Hell is a nice island in the middle of the sea

Hell is a nice island in the middle of the sea
by Elias Hasapi

Lobster broth with saffron

 

Frozen lobsters usually appear around this time at a fairly affordable price whose quality is average. They may not be very suitable for certain types of cooking, but they are very useful for making soups, broths and other stews that make up for their lack of flavor. The lobster broth with saffron is an excellent starter that is easy to make and at a still affordable price. You will look very good with him in front of your visits.

INGREDIENTS (4 people):

  • A lobster weighing half a kilo (1.1 lbs), more or less
  • 2 onions
  • 1 clove garlic
  • A large carrot
  • A stick of celery
  • A little saffron
  • A teaspoon of turmeric (it is to give more yellow color, but if the amount of saffron included is enough it will be dispensable)
  • A branch of coriander or parsley
  • A pinch of hot paprika (optional)
  • Extra virgin olive oil
  • Salt

In a large casserole with a generous drizzle of olive oil, add the onions, the carrot and the celery stick, cut in julienne. We also add the minced garlic clove without the germ.

We poach the vegetables with a little salt to make the onion sweat. When they are done we add the whole lobster and a liter and a half (7 cups and a half) of bottled water. Bring to a boil, covered casserole, and from that moment we count exactly six minutes (if the lobster were a kilo / 2.2 lbs, it would be twelve minutes).

After time we extract the crustacean, open it and remove all the available meat, including that contained in the tweezers. While we do this, the pot should continue to boil, covered.

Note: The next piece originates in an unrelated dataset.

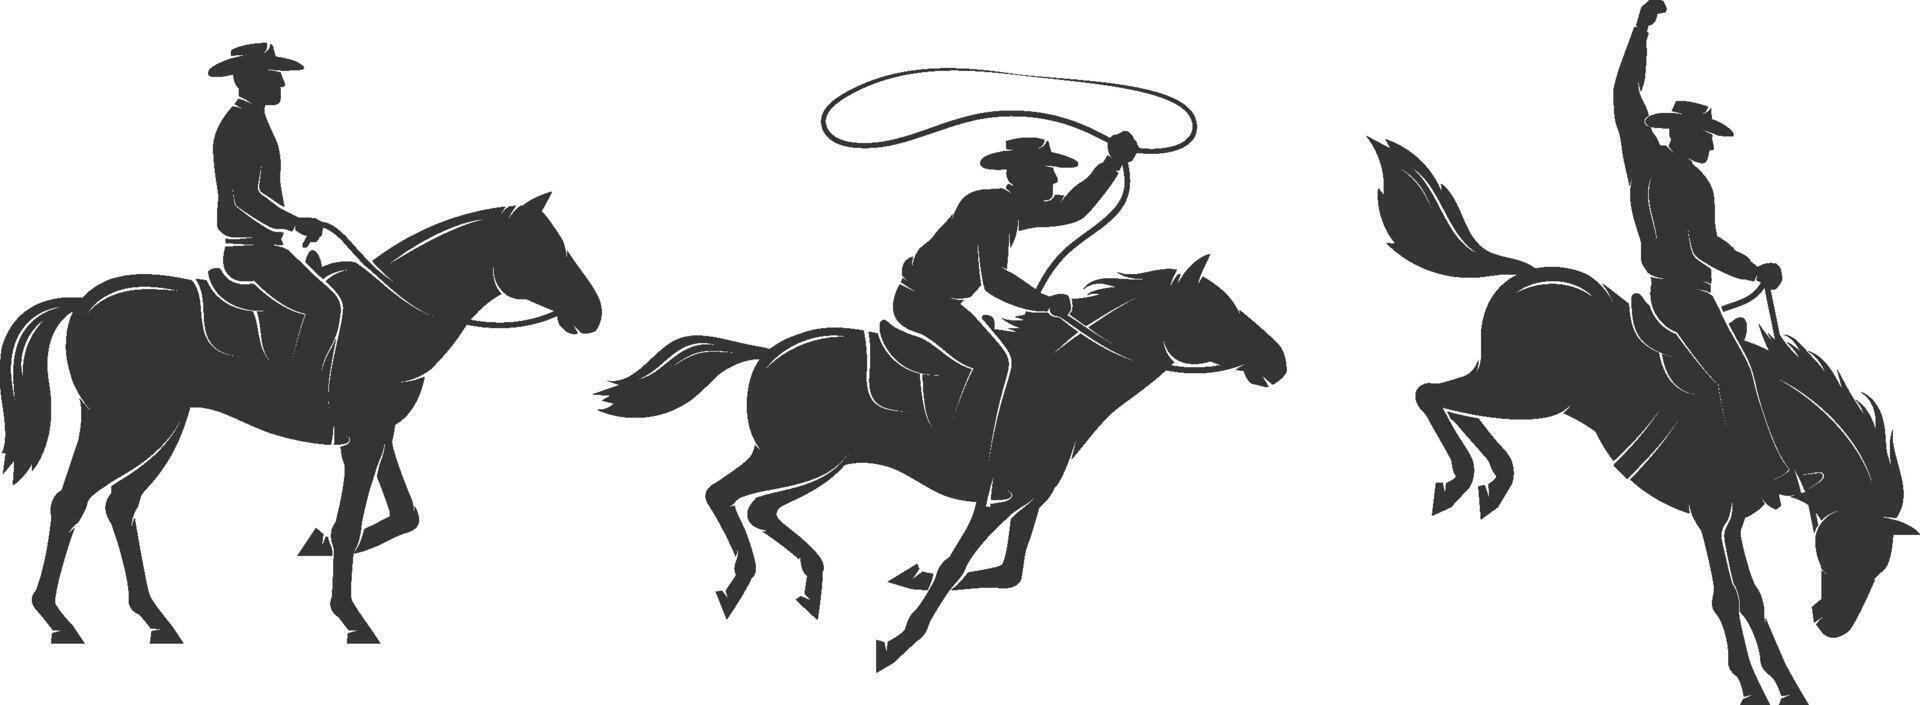 Cowboy rides a horse and throws a lasso vector
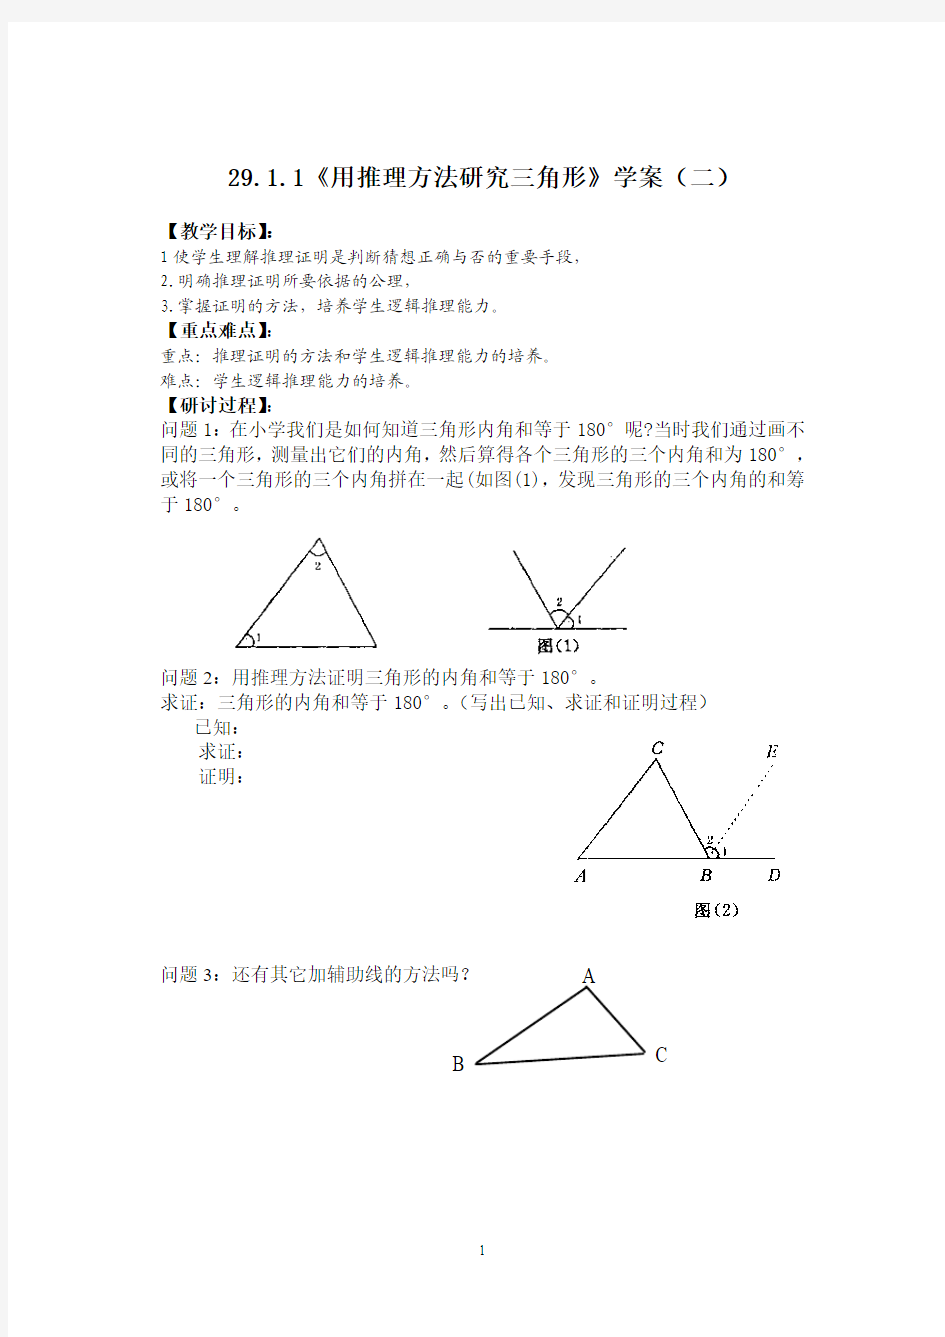 《用推理方法研究三角形》学案(二)

We shred the meat and return it to the casserole. Add the saffron and if necessary, the teaspoon of turmeric. If you also want the soup a little spicy, add the hot paprika. Let it cook for a couple of minutes and then rectify the salt.

Serve with fresh cilantro or parsley roughly sliced ​​and sprinkled on each plate. It goes without saying that the lobster meat and vegetables are served. A somewhat clear soup remains, like a consommé. To thicken it, if you want, you can add a little rice but it is not usually necessary.